I don't see how screwing the bar to the wall instead of using 6/32s is better.. Either way a single gang box will work just fine with most fixtures unless it has a very tiny back plate.. I've used them lots of time with no problems with the box showing and the bar will match the mounting holes in the box


----------



## Dennis Alwon (May 9, 2009)

bobelectric said:


> Saw this debate on another site where the conclusion was a pan wasn't rated for exterior duty .


Not sure I ever did that but I could see that as a valid argument. Somehow with the fixture sealed on the top I don't feel that this would be a big issue but I do understand it.


----------



## randomkiller (Sep 28, 2007)

thegoldenboy said:


> Shims and construction adhesives are our best friends when doing this.


 
Just use a masonary box and hydraulic cement, you're good to go.


----------



## randomkiller (Sep 28, 2007)

Hippie said:


> I don't see how screwing the bar to the wall instead of using 6/32s is better.. Either way a single gang box will work just fine with most fixtures unless it has a very tiny back plate.. I've used them lots of time with no problems with the box showing and the bar will match the mounting holes in the box


 
I normally put washers on 6-32s if the fixture is heavy and I don't want the crossbar to twist. If it's that big of a deal rethread the holes to 8-32s.
No sense in re engineering the wheel.


----------



## Cletis (Aug 20, 2010)

*nm*

just make sure you don't run deadly nm out of brick into a few of those instances above. They are not wet rated and it's not only against code but their could be a deadly fire igniting the brick, escepesially if their not on arc faults as well.


----------



## Cletis (Aug 20, 2010)

*P.S.*

Not that any of you would ever snub out nm to post lights on brick...:whistling2:

I use pan box with side hole punched out in case it's a rod mount fixture using center area for wire.


----------



## Bkessler (Feb 14, 2007)

Use the really small round metal boxes instead of the 4" ones. Done. I've done it a bunch of times.


----------



## bobelectric (Feb 24, 2007)

OK. The"Rock of the Marne" will find you.


----------



## McClary’s Electrical (Feb 21, 2009)

Dennis Alwon said:


> Not sure I ever did that but I could see that as a valid argument.
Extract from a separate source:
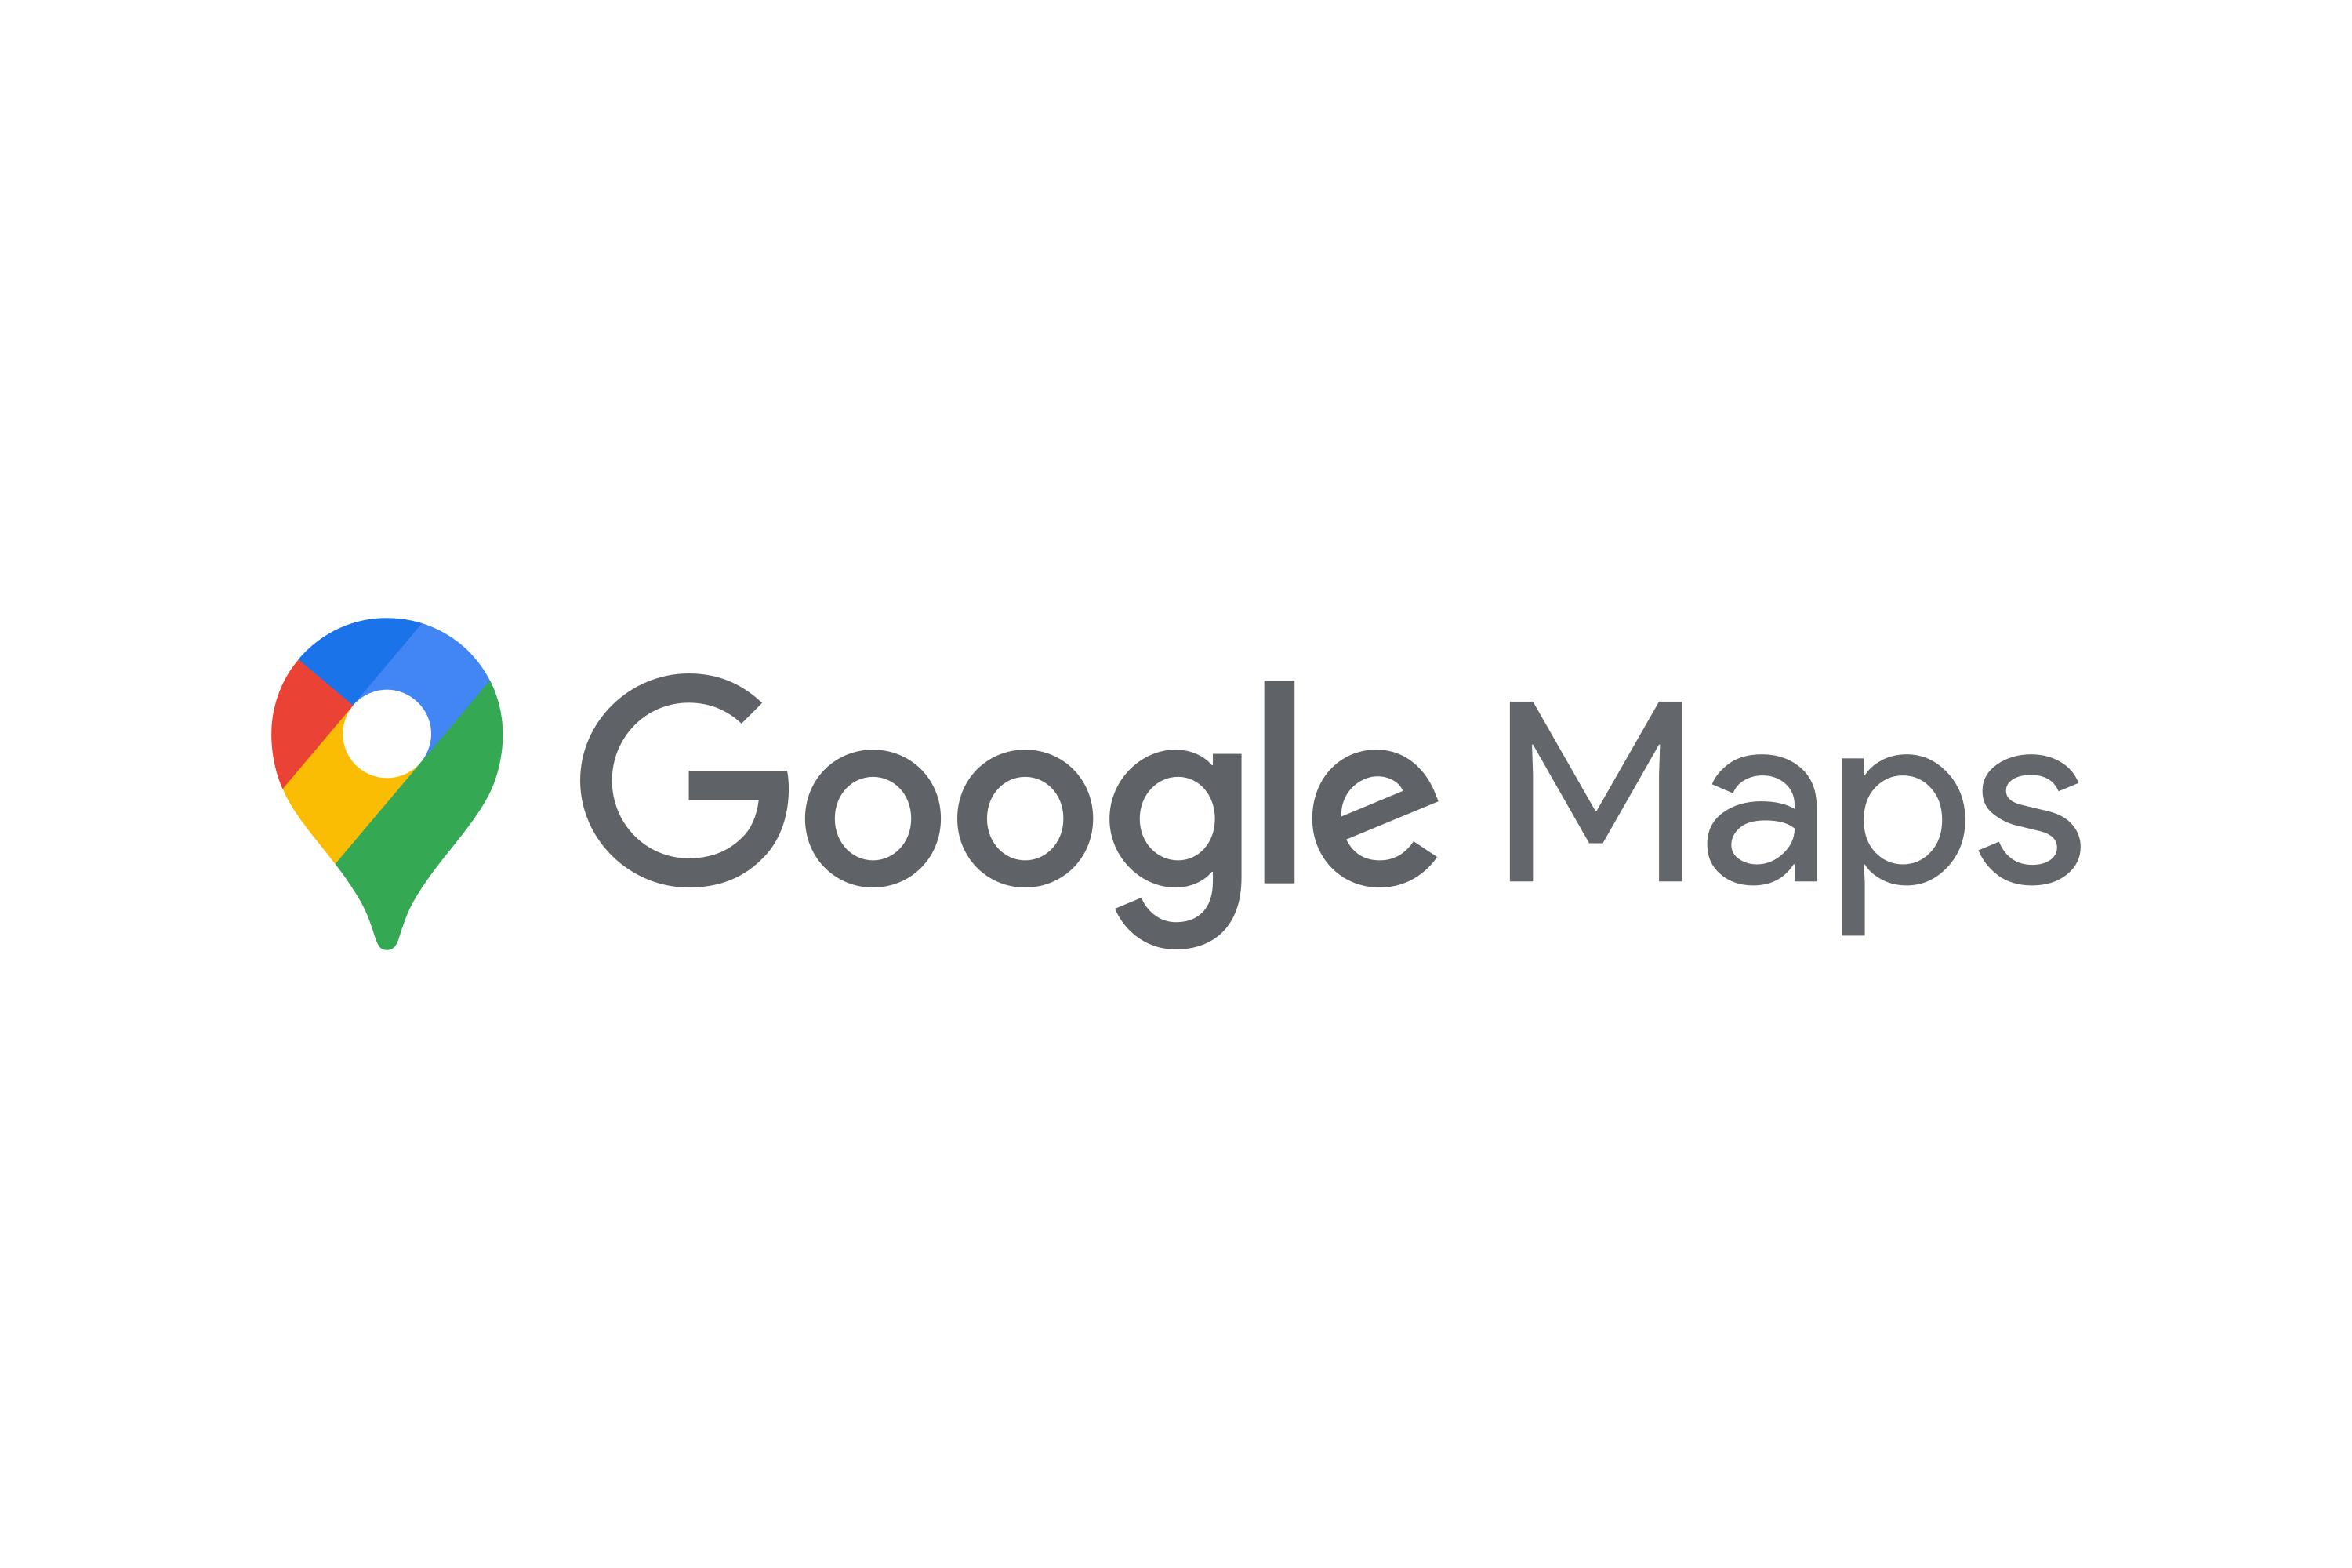 Google Maps PNG HD Image

Somehow with the fixture sealed on the top I don't feel that this would be a big issue but I do understand it.


 
If that were true, we would be required to run UF and FS boxes for outdoor lights.


----------



## randomkiller (Sep 28, 2007)

mcclary's electrical said:


> If that were true, we would be required to run UF and FS boxes for outdoor lights.


 
There is a difference in NM being run inside a wall to an exterior box and NM being run through a brick facsade. Not sure about out in hickville but in NYC there is no use of NM.


----------



## captkirk (Nov 21, 2007)

if the brick is soft you can probably get away with a hammer and chisle if you got the time or a round four inch hammer bit. I would also be curious if a remi grit hole saw can get it done..


----------



## Amish Electrician (Jan 2, 2010)

I've used the Remington carbide grit saws on brick many times ... but I haven't seen any large enough for a box.


----------



## McClary’s Electrical (Feb 21, 2009)

Amish Electrician said:


> I've used the Remington carbide grit saws on brick many times ... but I haven't seen any large enough for a box.


Why wouldn't the 4" fit?


----------



## A Little Short (Nov 11, 2010)

With all the suggestions for type/mounting of a box for the lights, I can't seem to find the best way to do it. I think what would be better would be for 1 or more of you to come down/up here to show me!:thumbup::laughing:


----------